§ TASK
Each line below from the one containing "2016 Used Maruti Suzuki Wagon R 1.0 LXI" through the one containing "Water Wave 4k" is to be given again exactly, and no line outside that span.

§ EXERCISE MATERIALS
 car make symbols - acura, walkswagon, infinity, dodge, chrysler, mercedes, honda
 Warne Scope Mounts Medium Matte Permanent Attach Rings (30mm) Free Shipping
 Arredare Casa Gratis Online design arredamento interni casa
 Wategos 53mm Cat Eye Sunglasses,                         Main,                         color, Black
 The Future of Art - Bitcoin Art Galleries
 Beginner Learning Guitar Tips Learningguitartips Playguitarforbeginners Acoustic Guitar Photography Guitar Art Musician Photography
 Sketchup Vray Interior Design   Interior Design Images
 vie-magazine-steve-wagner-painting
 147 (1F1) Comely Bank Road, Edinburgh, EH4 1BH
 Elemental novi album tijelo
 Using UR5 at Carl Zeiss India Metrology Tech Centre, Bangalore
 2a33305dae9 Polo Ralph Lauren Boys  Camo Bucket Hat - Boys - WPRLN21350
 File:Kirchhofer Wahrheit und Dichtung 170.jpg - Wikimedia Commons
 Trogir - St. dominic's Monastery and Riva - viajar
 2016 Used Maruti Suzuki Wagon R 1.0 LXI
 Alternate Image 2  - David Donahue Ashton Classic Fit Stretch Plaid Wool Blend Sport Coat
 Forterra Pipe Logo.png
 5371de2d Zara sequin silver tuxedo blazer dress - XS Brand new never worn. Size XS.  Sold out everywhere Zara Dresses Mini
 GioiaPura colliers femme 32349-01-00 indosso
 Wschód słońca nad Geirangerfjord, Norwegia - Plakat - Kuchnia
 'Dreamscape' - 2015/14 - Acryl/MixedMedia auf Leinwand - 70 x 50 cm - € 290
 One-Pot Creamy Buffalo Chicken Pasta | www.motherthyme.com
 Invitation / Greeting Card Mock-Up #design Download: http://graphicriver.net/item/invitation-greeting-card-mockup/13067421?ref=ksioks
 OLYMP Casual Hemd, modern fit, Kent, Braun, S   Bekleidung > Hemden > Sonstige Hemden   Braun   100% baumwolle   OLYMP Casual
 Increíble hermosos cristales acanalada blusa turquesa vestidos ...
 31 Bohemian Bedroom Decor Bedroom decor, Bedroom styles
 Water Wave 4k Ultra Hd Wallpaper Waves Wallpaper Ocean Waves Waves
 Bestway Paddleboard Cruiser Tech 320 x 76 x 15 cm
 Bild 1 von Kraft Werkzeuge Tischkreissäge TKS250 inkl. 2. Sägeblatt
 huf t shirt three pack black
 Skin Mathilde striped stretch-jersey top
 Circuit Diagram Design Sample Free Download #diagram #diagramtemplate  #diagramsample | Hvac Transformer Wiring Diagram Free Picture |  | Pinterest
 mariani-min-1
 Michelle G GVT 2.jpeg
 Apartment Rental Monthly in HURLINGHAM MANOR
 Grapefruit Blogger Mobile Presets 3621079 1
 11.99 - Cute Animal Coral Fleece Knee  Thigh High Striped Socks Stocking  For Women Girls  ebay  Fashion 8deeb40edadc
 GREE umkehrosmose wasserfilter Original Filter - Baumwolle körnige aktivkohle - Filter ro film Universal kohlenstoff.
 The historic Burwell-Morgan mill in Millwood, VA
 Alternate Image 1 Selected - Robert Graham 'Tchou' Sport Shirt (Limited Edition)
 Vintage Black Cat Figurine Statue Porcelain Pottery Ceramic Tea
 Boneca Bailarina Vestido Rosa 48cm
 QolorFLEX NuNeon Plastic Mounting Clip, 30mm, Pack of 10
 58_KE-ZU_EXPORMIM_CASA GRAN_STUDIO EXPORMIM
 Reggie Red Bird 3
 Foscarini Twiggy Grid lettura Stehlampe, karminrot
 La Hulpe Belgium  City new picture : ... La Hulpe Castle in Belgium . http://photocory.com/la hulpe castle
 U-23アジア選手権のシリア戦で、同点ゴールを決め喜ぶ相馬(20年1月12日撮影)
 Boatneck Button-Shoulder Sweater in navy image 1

§ ANSWER TO THE EXERCISE
 2016 Used Maruti Suzuki Wagon R 1.0 LXI
 Alternate Image 2  - David Donahue Ashton Classic Fit Stretch Plaid Wool Blend Sport Coat
 Forterra Pipe Logo.png
 5371de2d Zara sequin silver tuxedo blazer dress - XS Brand new never worn. Size XS.  Sold out everywhere Zara Dresses Mini
 GioiaPura colliers femme 32349-01-00 indosso
 Wschód słońca nad Geirangerfjord, Norwegia - Plakat - Kuchnia
 'Dreamscape' - 2015/14 - Acryl/MixedMedia auf Leinwand - 70 x 50 cm - € 290
 One-Pot Creamy Buffalo Chicken Pasta | www.motherthyme.com
 Invitation / Greeting Card Mock-Up #design Download: http://graphicriver.net/item/invitation-greeting-card-mockup/13067421?ref=ksioks
 OLYMP Casual Hemd, modern fit, Kent, Braun, S   Bekleidung > Hemden > Sonstige Hemden   Braun   100% baumwolle   OLYMP Casual
 Increíble hermosos cristales acanalada blusa turquesa vestidos ...
 31 Bohemian Bedroom Decor Bedroom decor, Bedroom styles
 Water Wave 4k Ultra Hd Wallpaper Waves Wallpaper Ocean Waves Waves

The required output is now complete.